» **Work instruction**
What is wanted is the full listing, word for word, without its pictures.

» **Data below**
------------------------------------

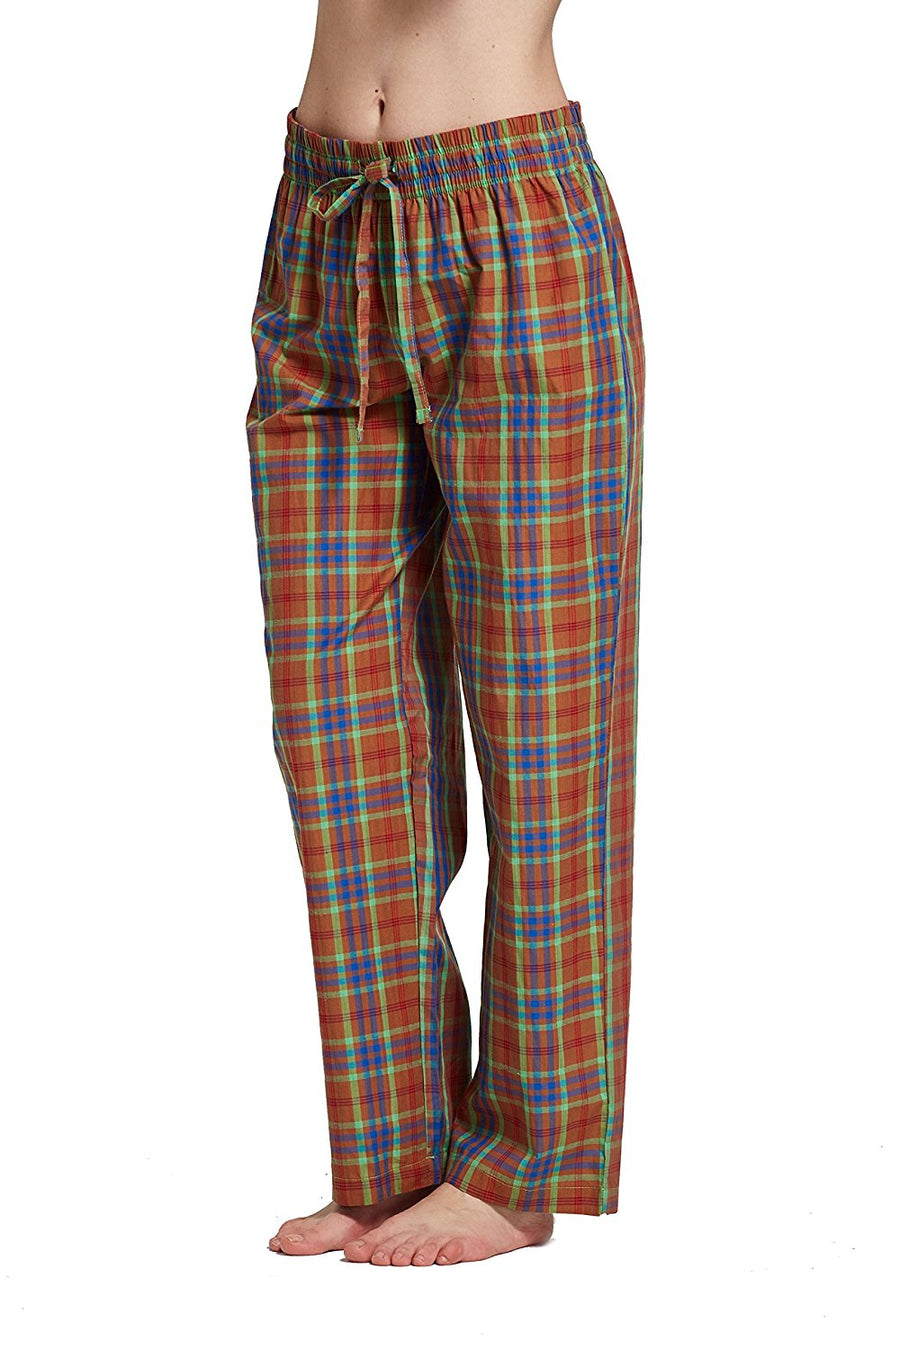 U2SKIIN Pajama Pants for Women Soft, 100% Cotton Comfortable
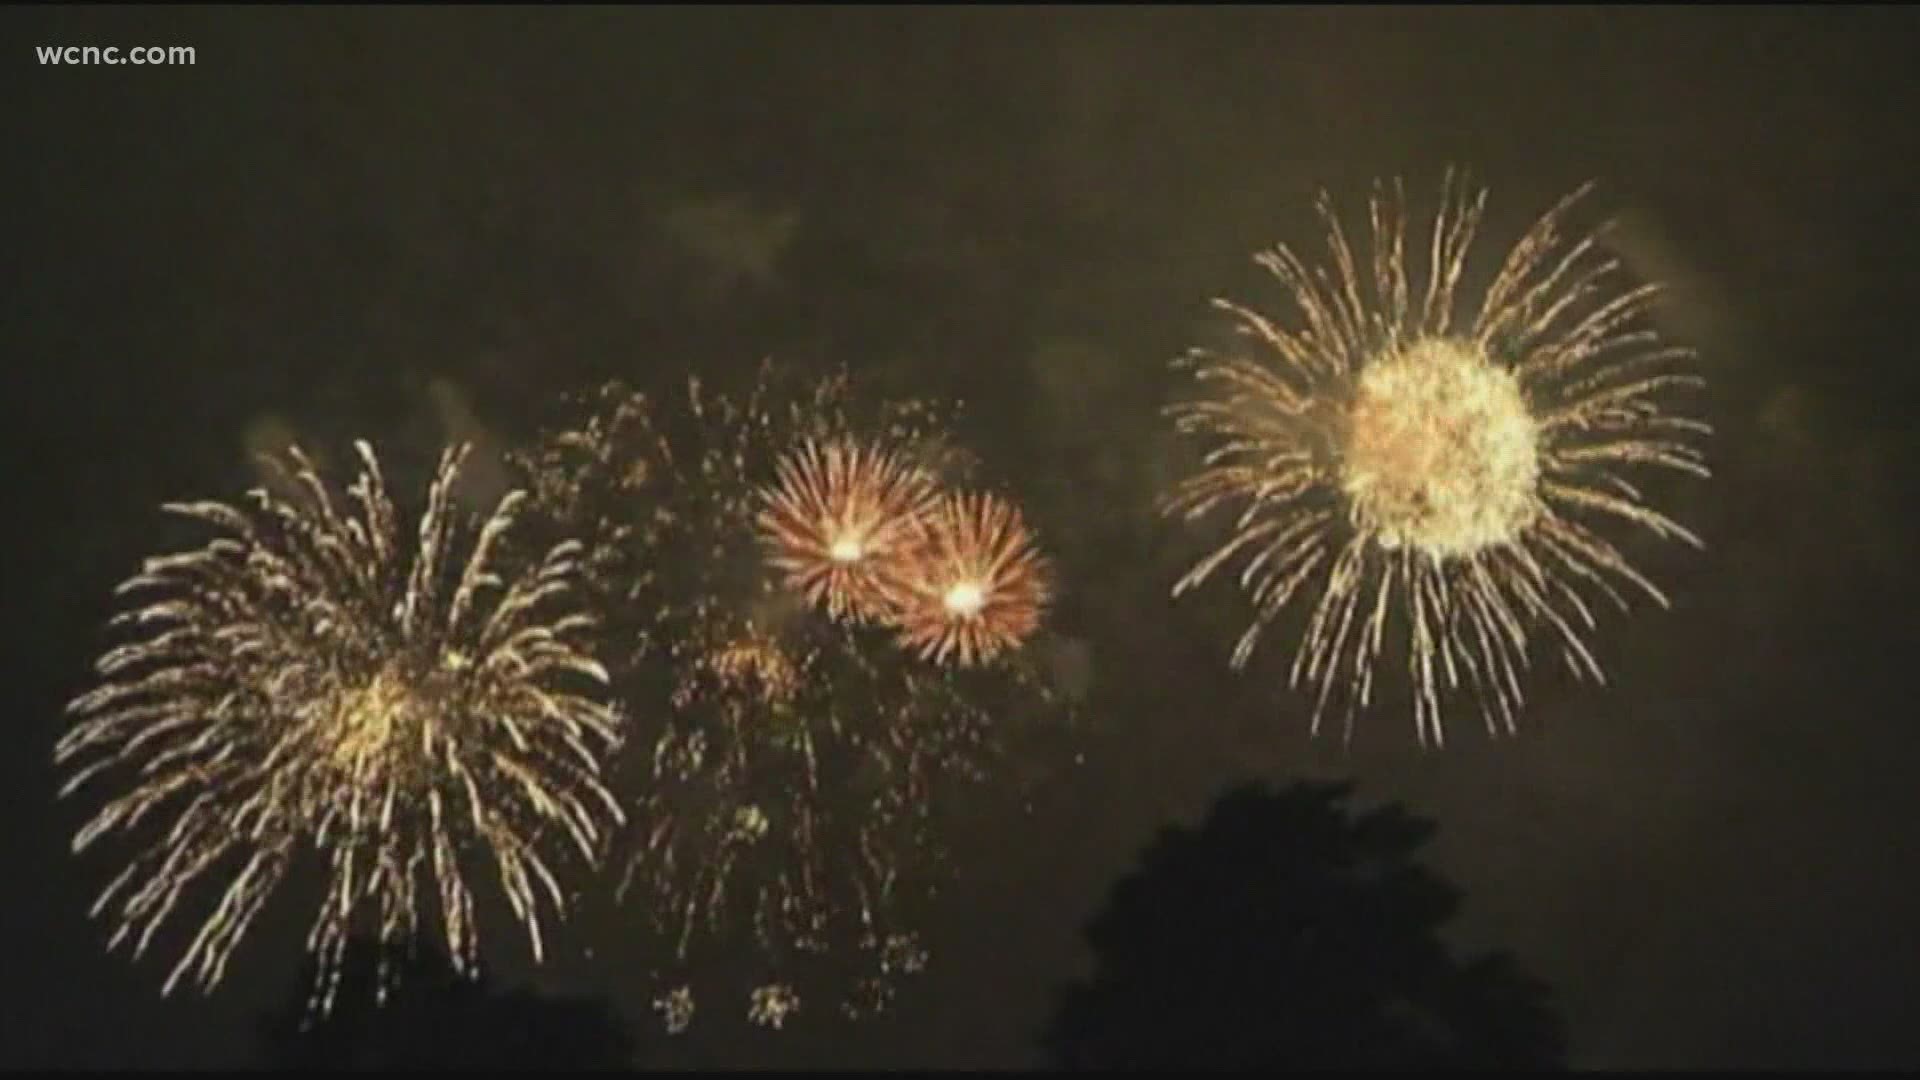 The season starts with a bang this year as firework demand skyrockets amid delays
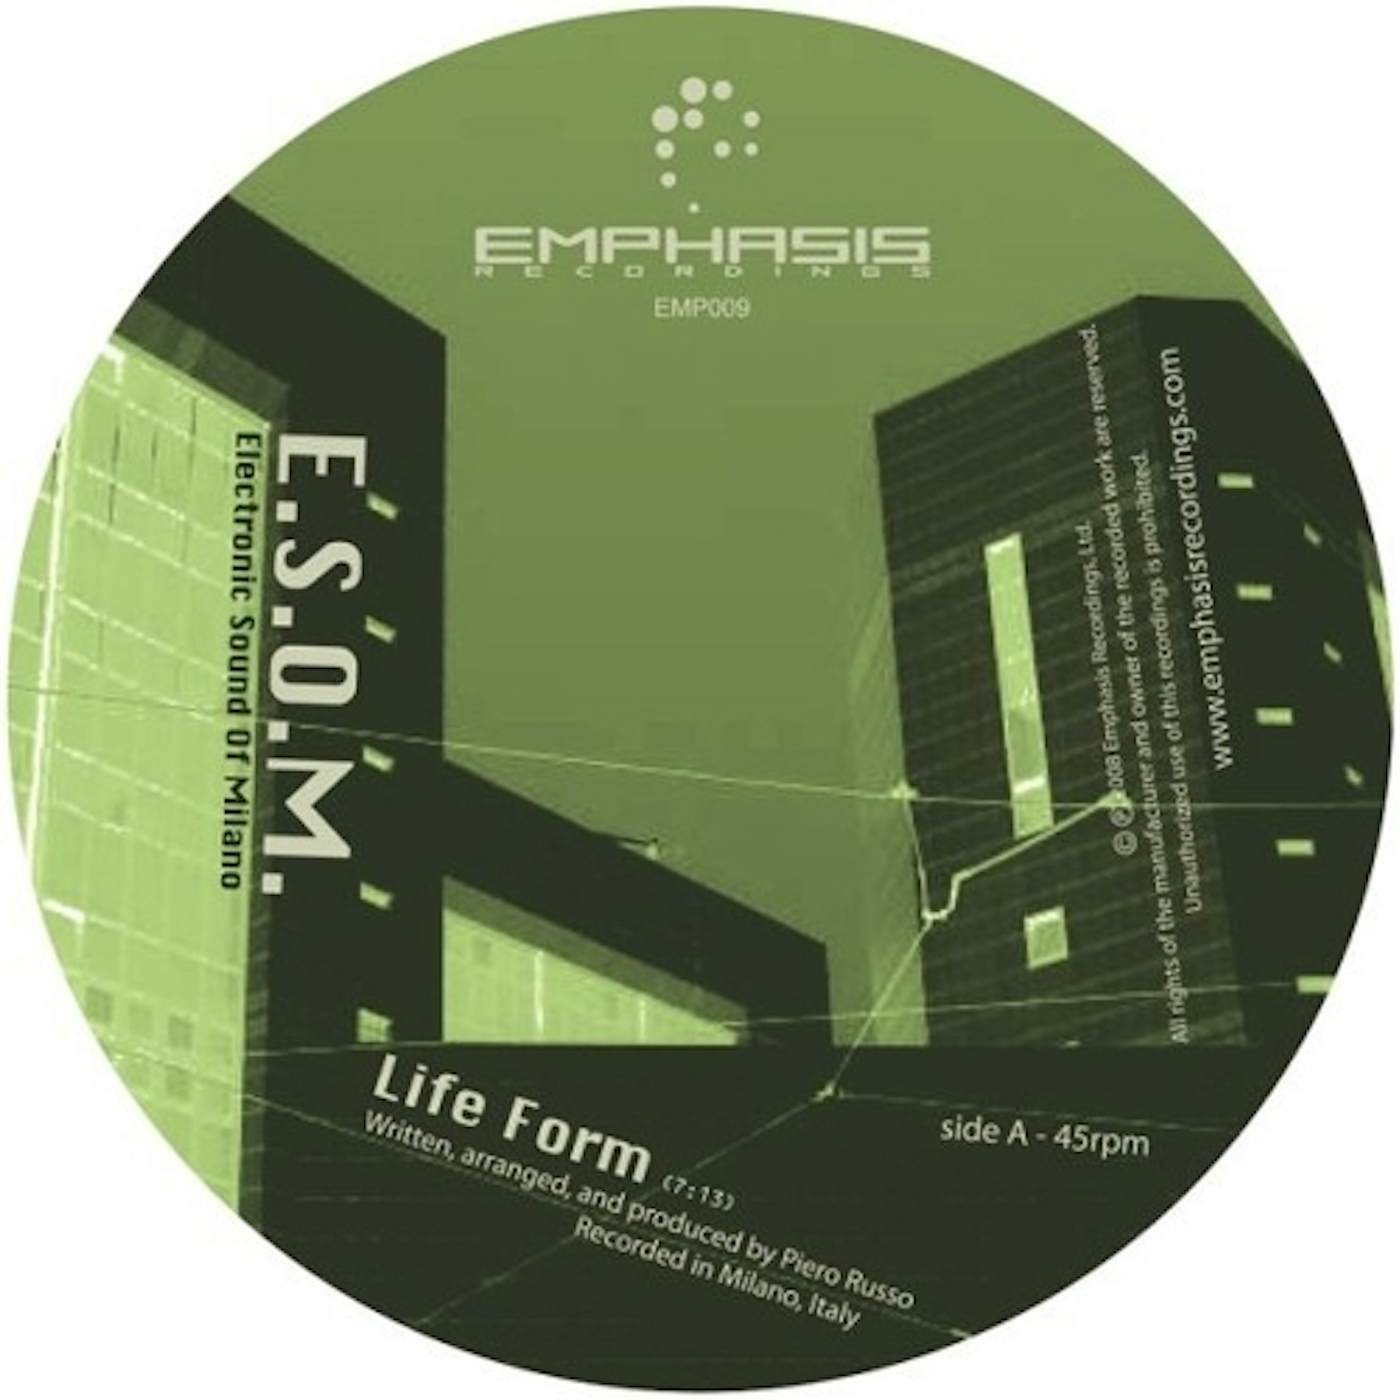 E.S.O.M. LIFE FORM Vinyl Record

------------------------------------

» **Written response**
 U2SKIIN Pajama Pants for Women Soft, 100% Cotton Comfortable
 The season starts with a bang this year as firework demand skyrockets amid delays
 E.S.O.M. LIFE FORM Vinyl Record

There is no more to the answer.